--- Work to complete ---
Every line from the one with "Turquoise earrings, turquoise" through the end of the material below, both ends included, should be transcribed exactly, without pictures.

--- Given material ---
================

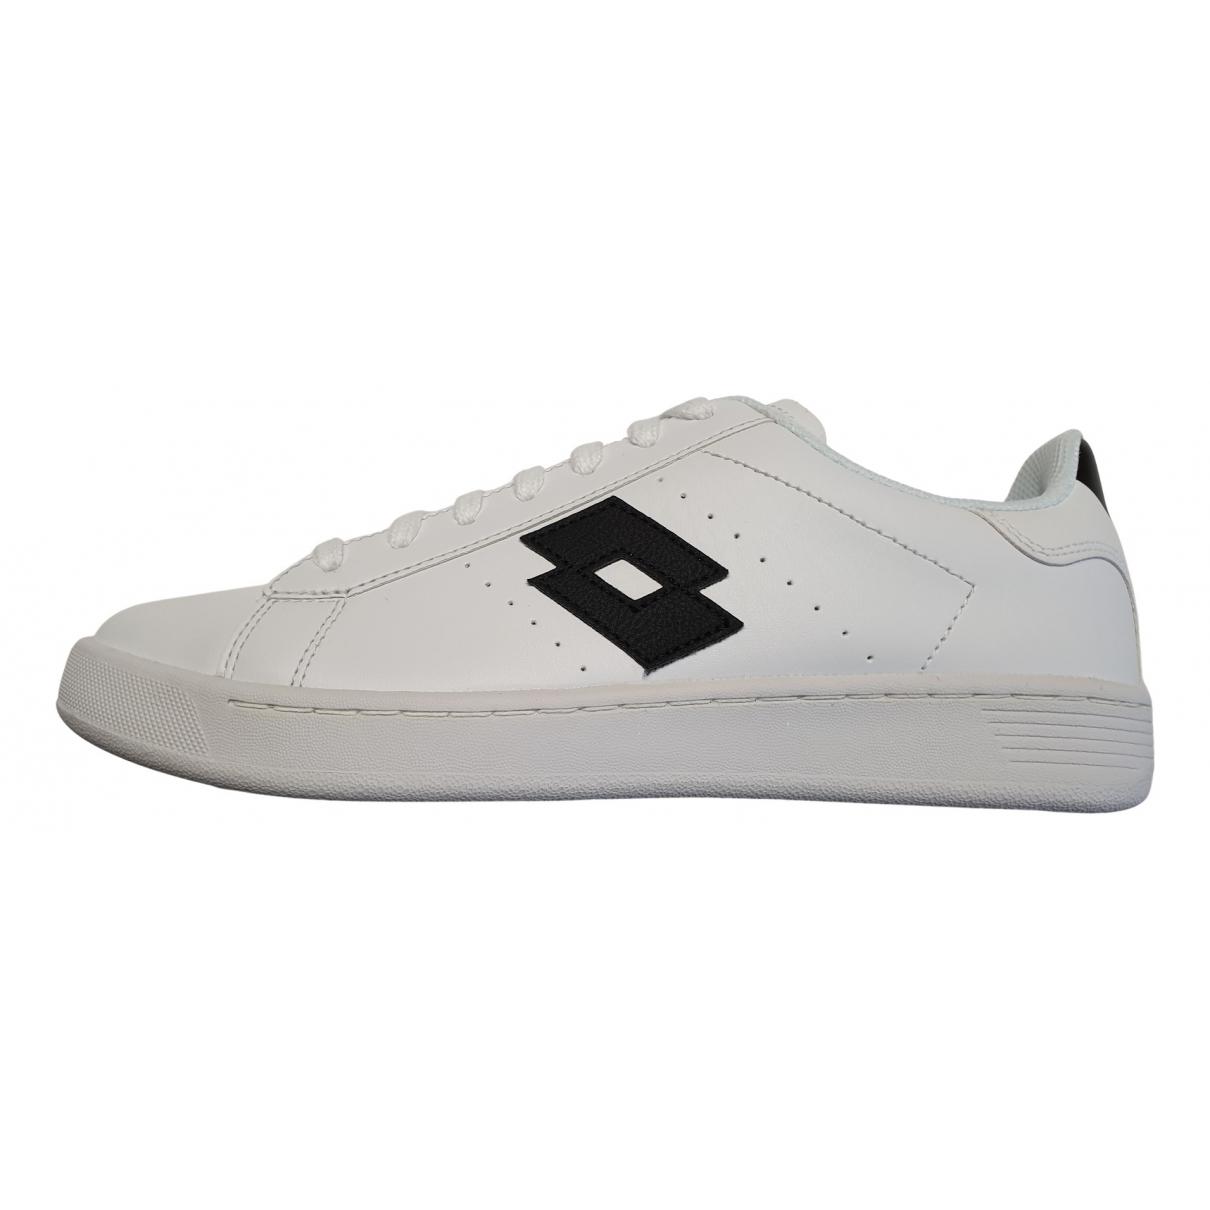 Lotto \N Sneakers in  Weiss Leder
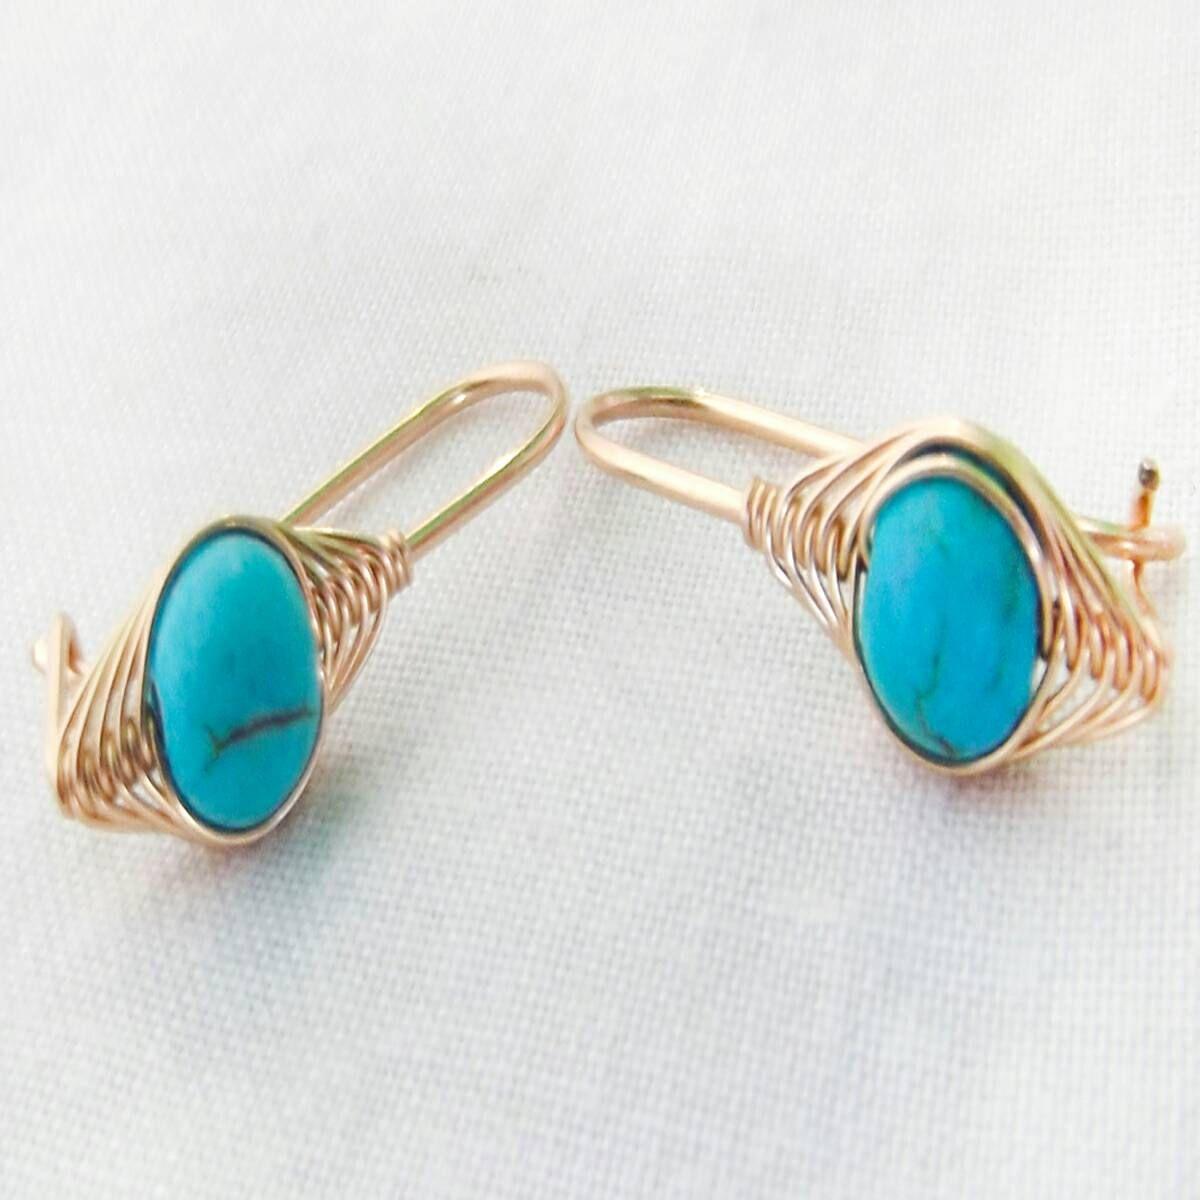 Turquoise earrings, turquoise gold earrings, gemstone ...
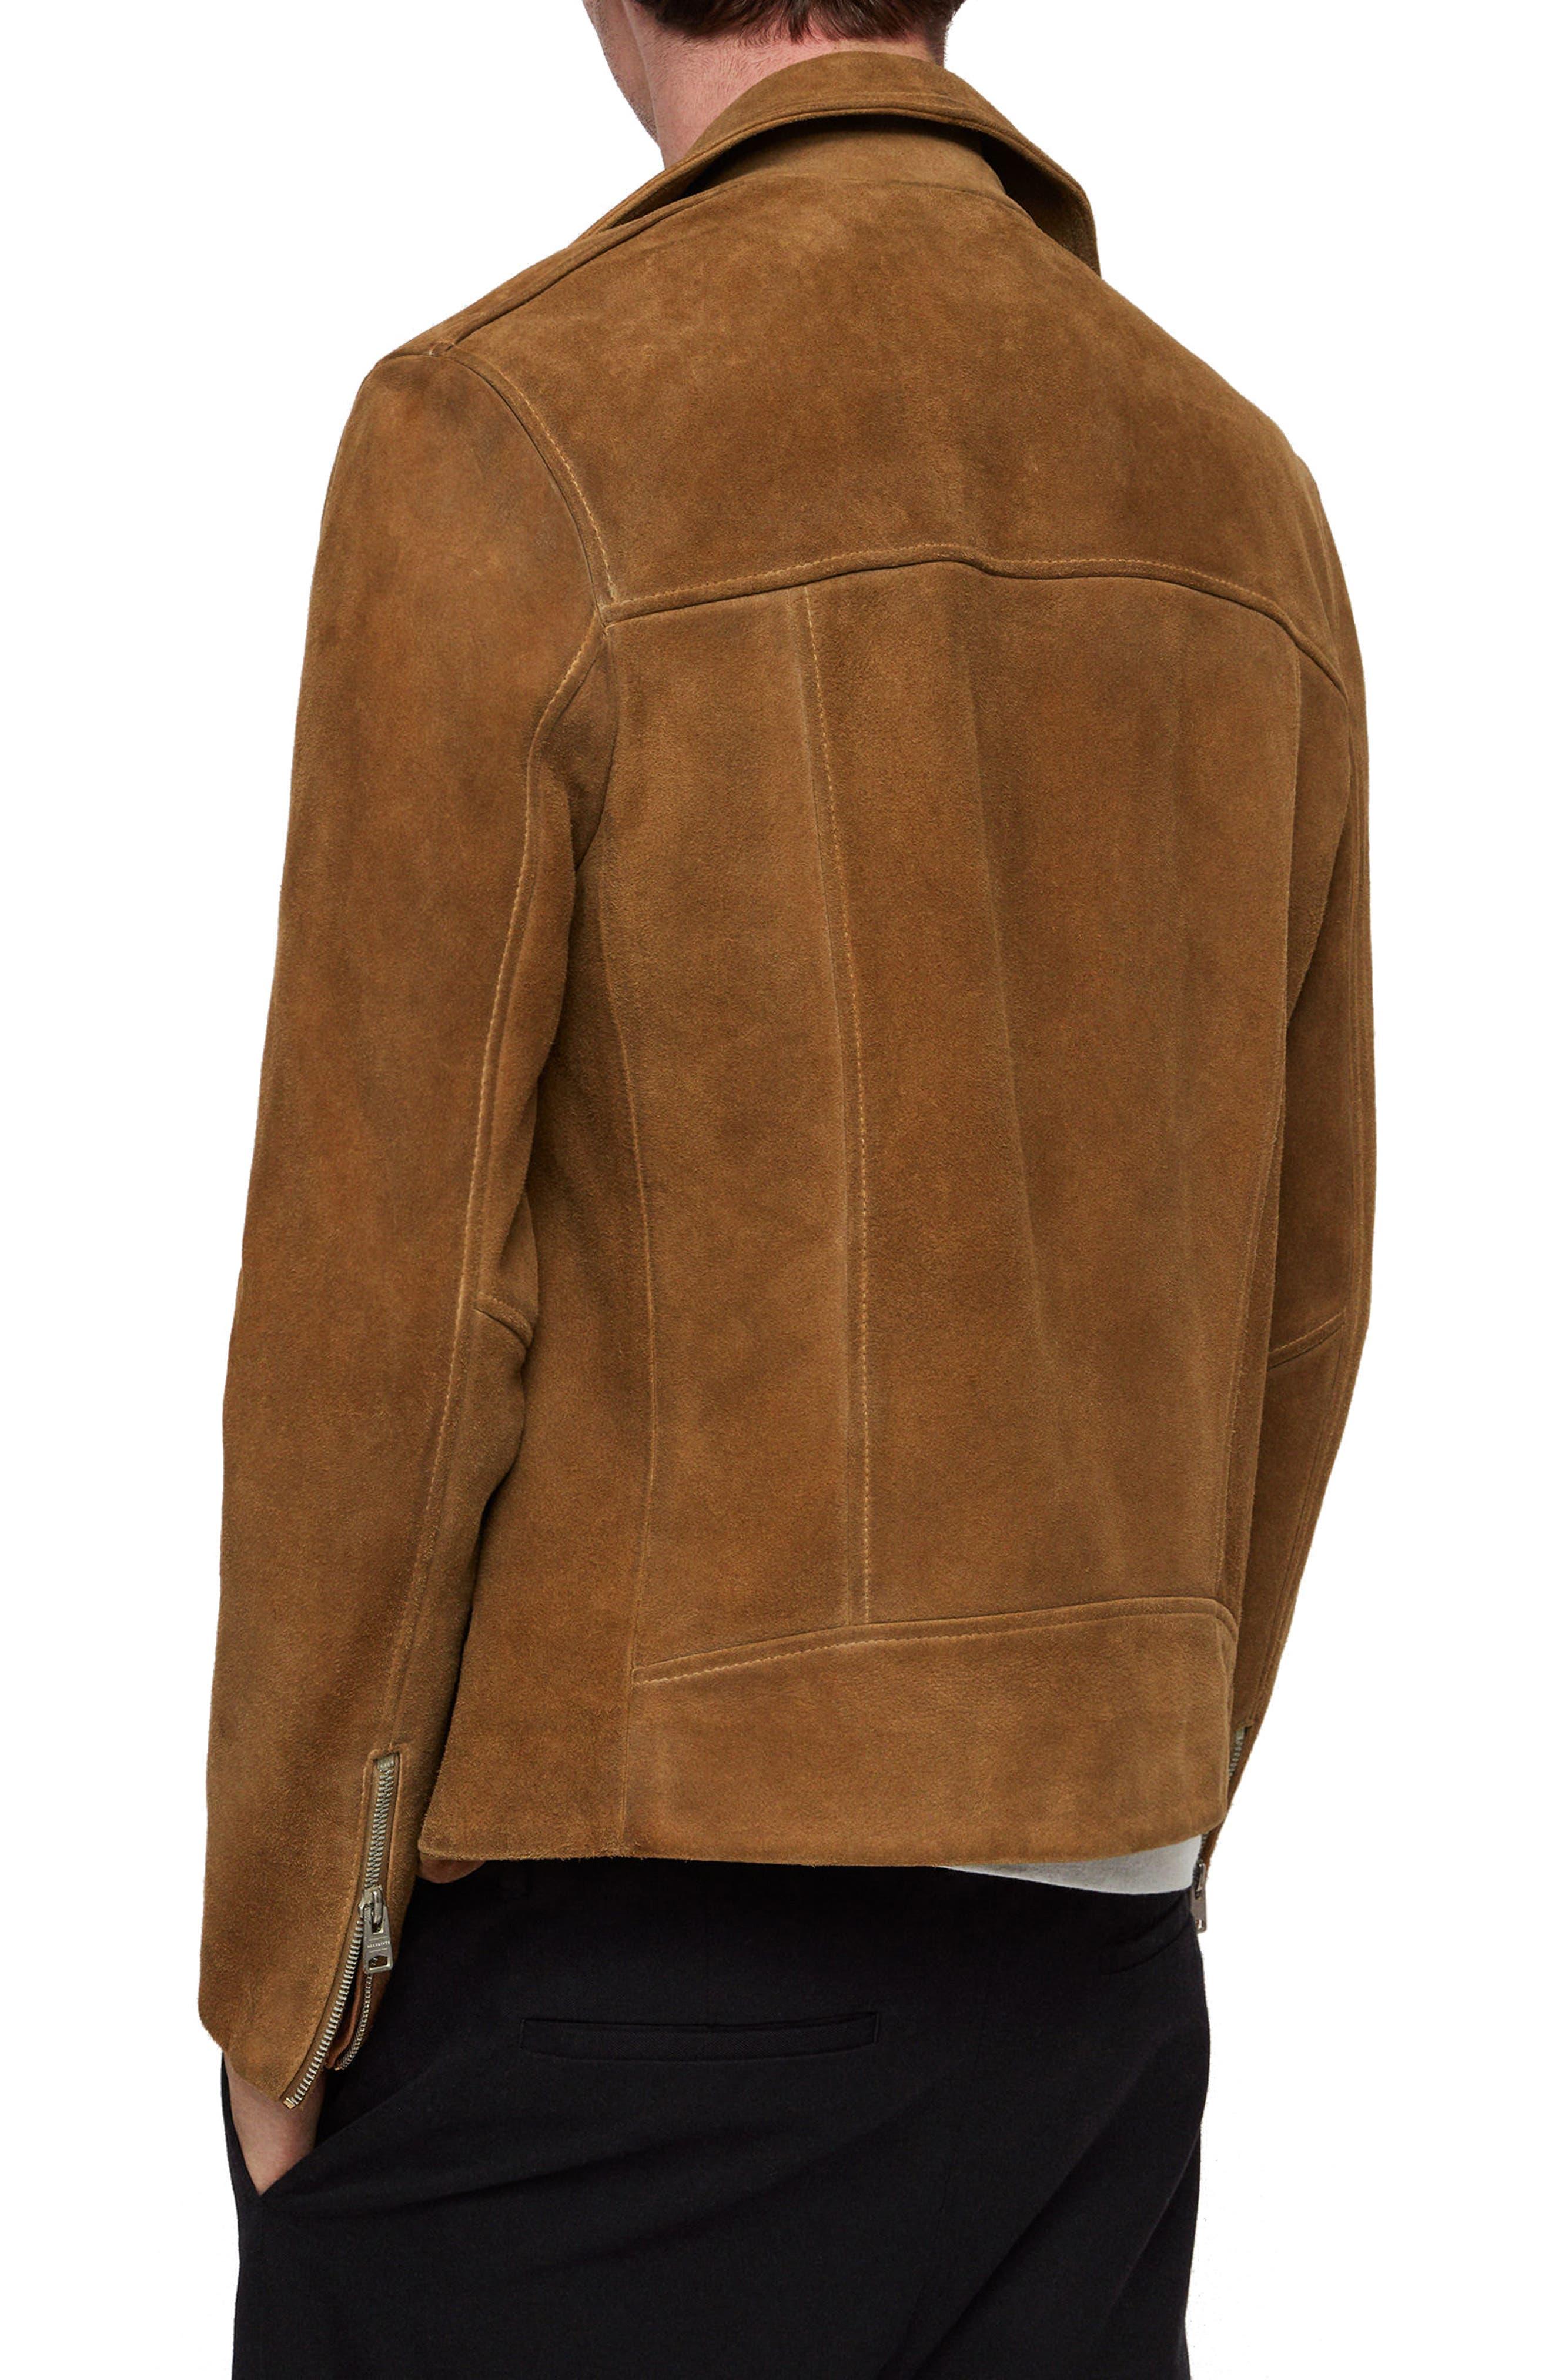 Judd Slim Fit Leather Biker Jacket,                             Alternate thumbnail 2, color,                             219

================

--- Your response ---
 Turquoise earrings, turquoise gold earrings, gemstone ...
 Judd Slim Fit Leather Biker Jacket,                             Alternate thumbnail 2, color,                             219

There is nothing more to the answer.